[EXERCISE DIRECTIONS]:
Copy out the data exactly as it appears, without a single image.

[DATA SHOWN]:
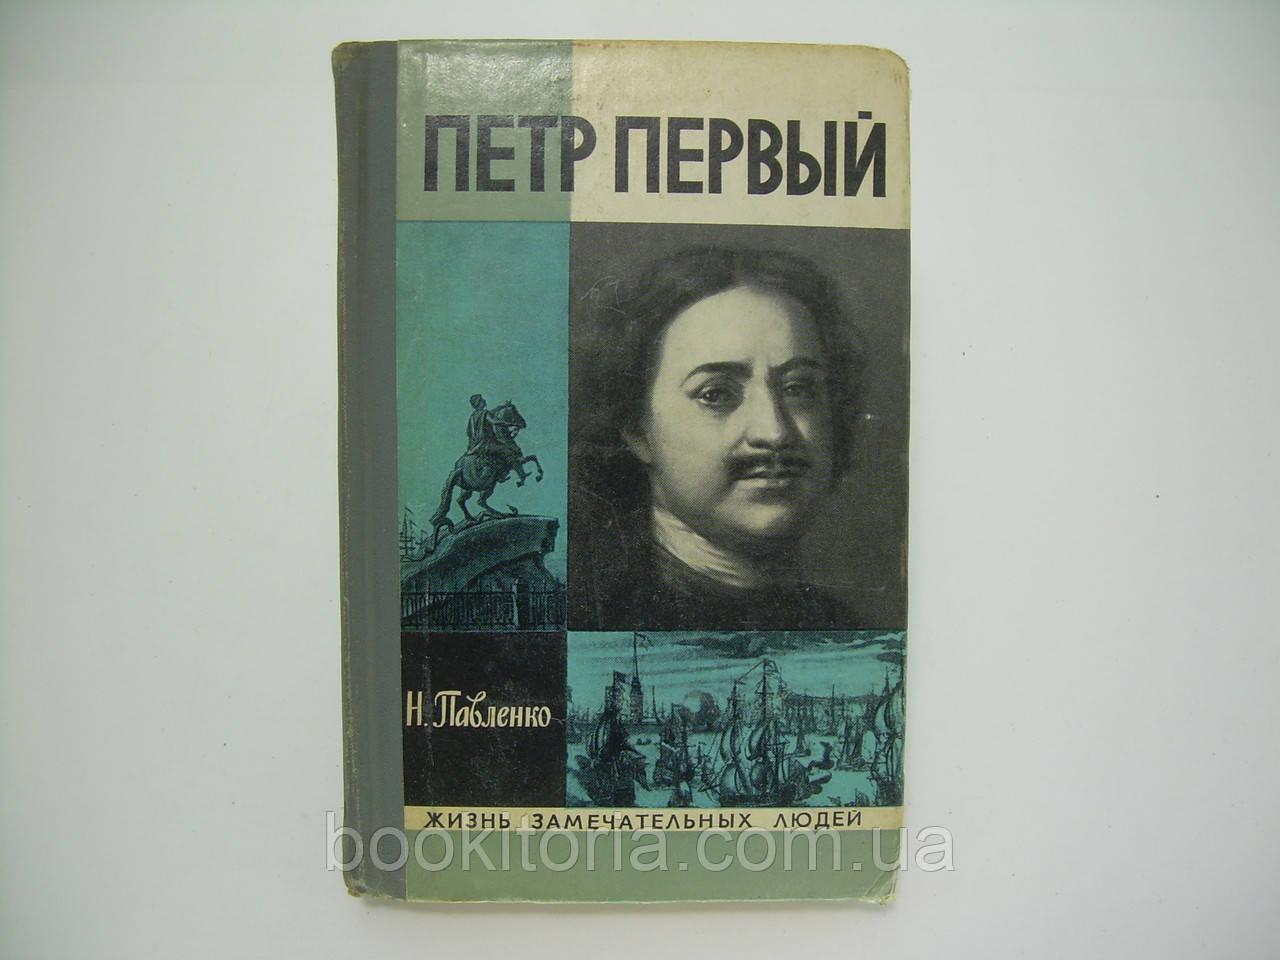 Павленко Н. Петр Первый (б/у).
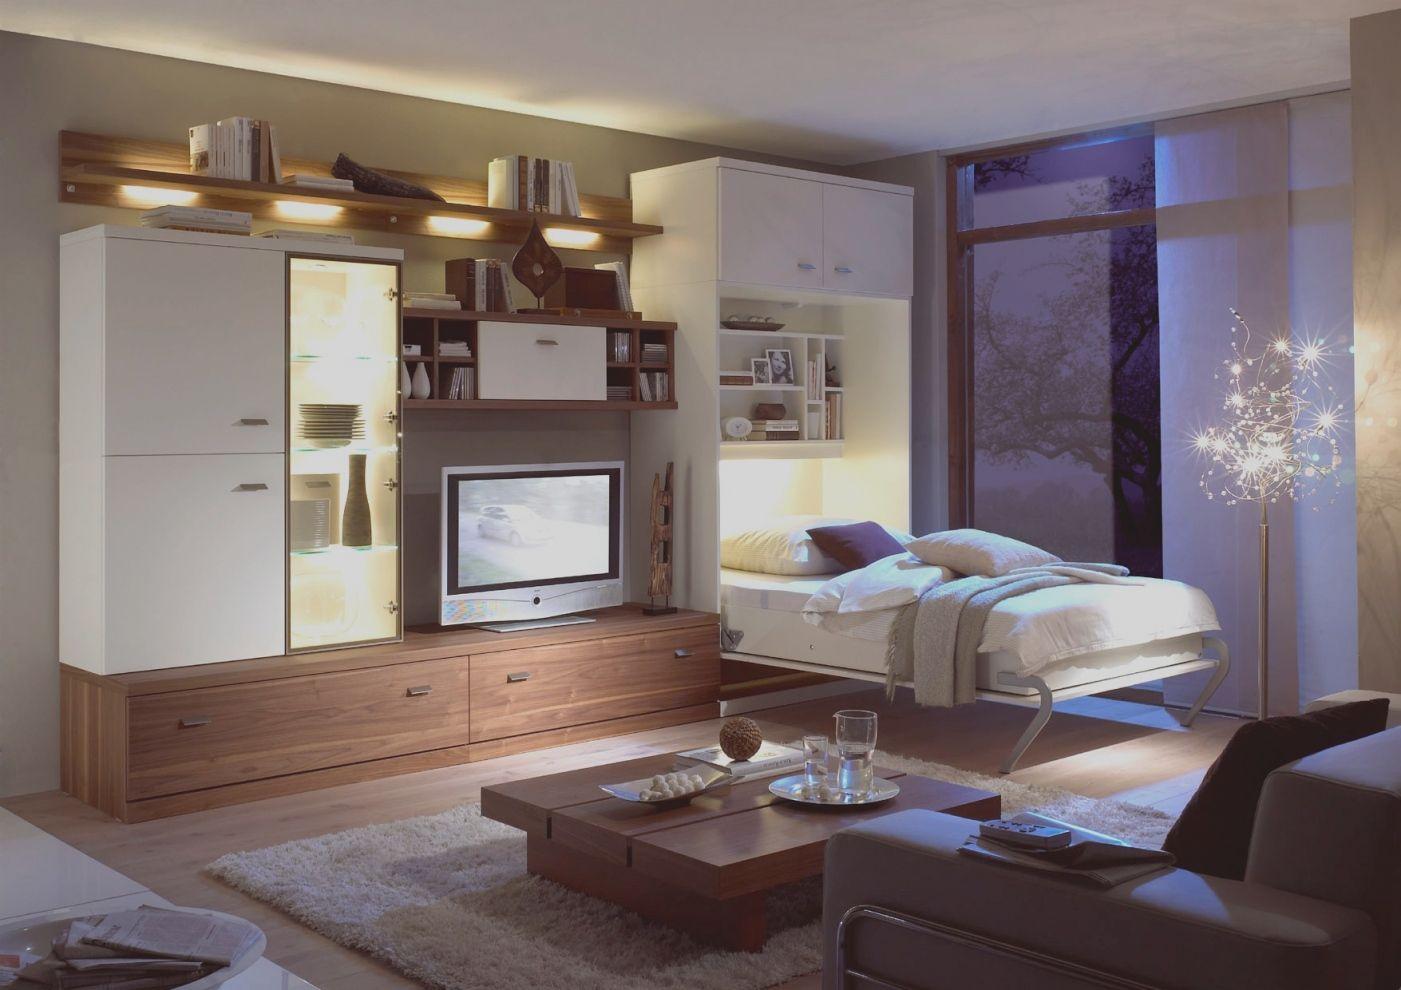 schlaf und wohnzimmer kombinieren
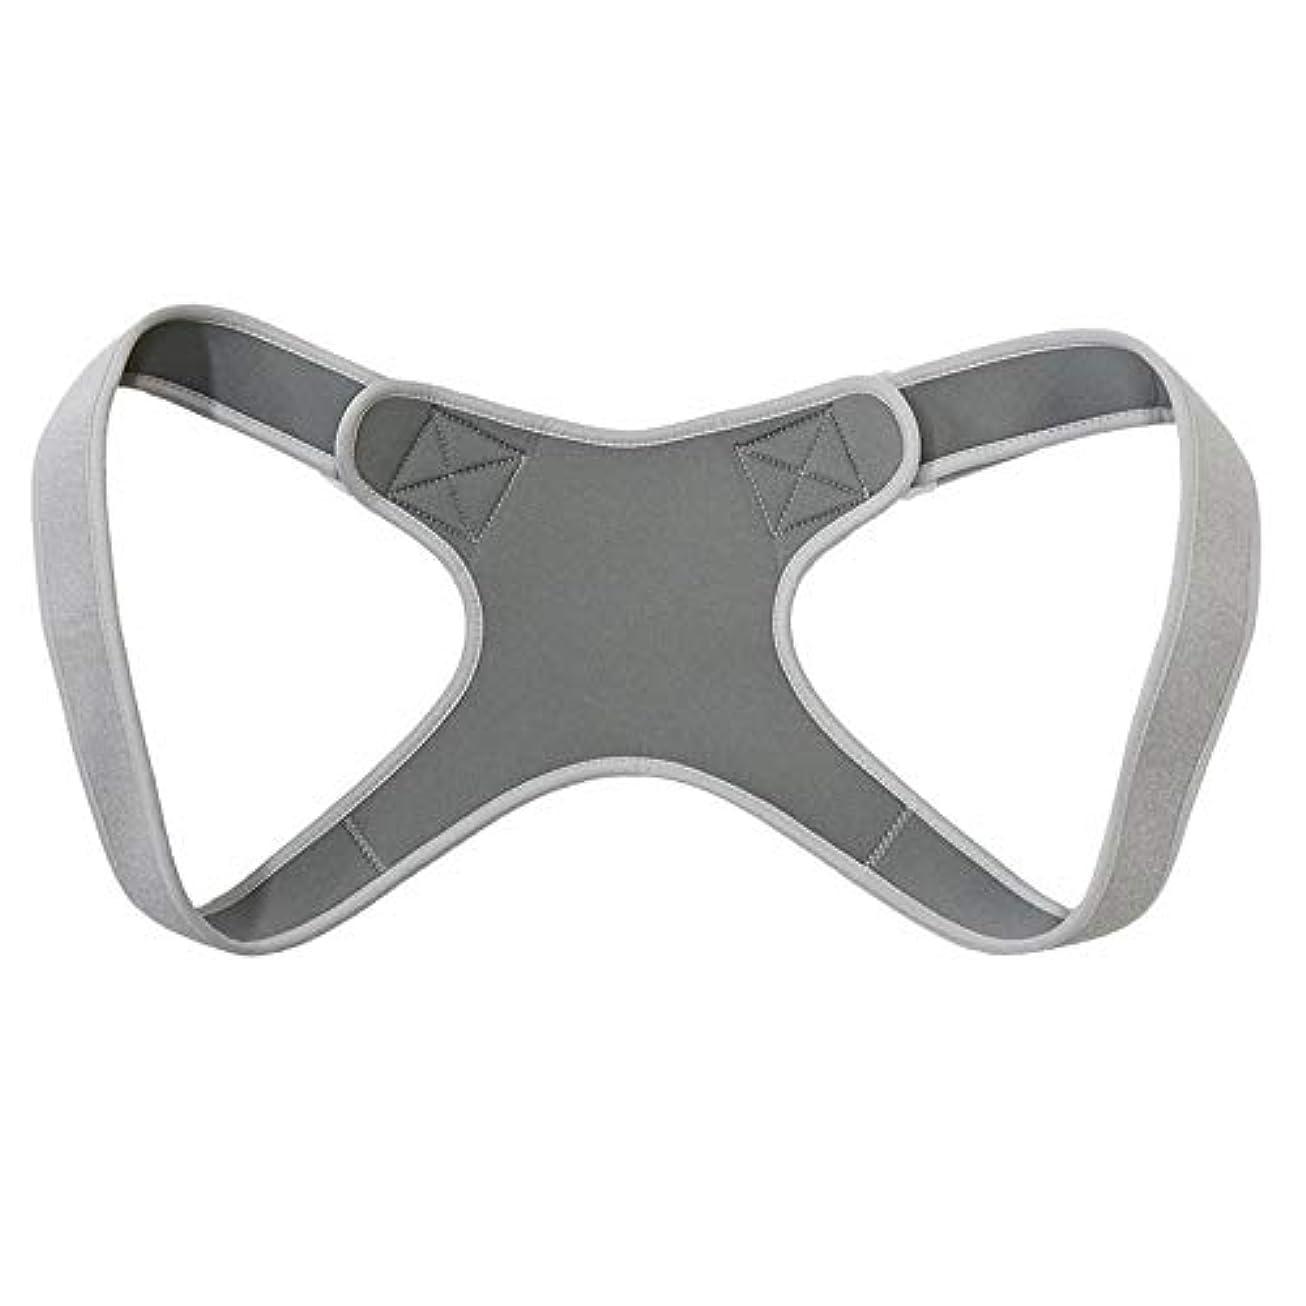 競争力のある放射性後世新しいアッパーバックポスチャーコレクター姿勢鎖骨サポートコレクターバックストレートショルダーブレースストラップコレクター - グレー
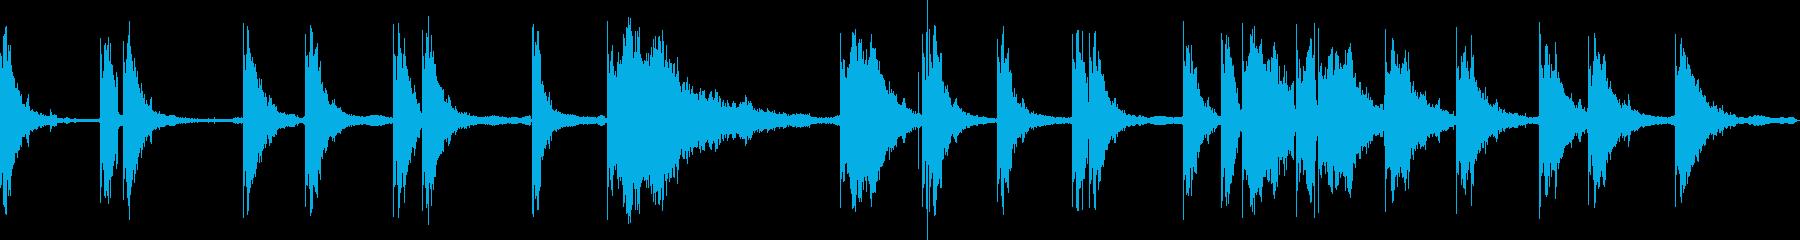 レーザーショット共鳴アーケードの再生済みの波形

[RESULT OF THIS TASK]:
 Павленко Н. Петр Первый (б/у).
 schlaf und wohnzimmer kombinieren
 競争力のある放射性後世新しいアッパーバックポスチャーコレクター姿勢鎖骨サポートコレクターバックストレートショルダーブレースストラップコレクター - グレー
 レーザーショット共鳴アーケードの再生済みの波形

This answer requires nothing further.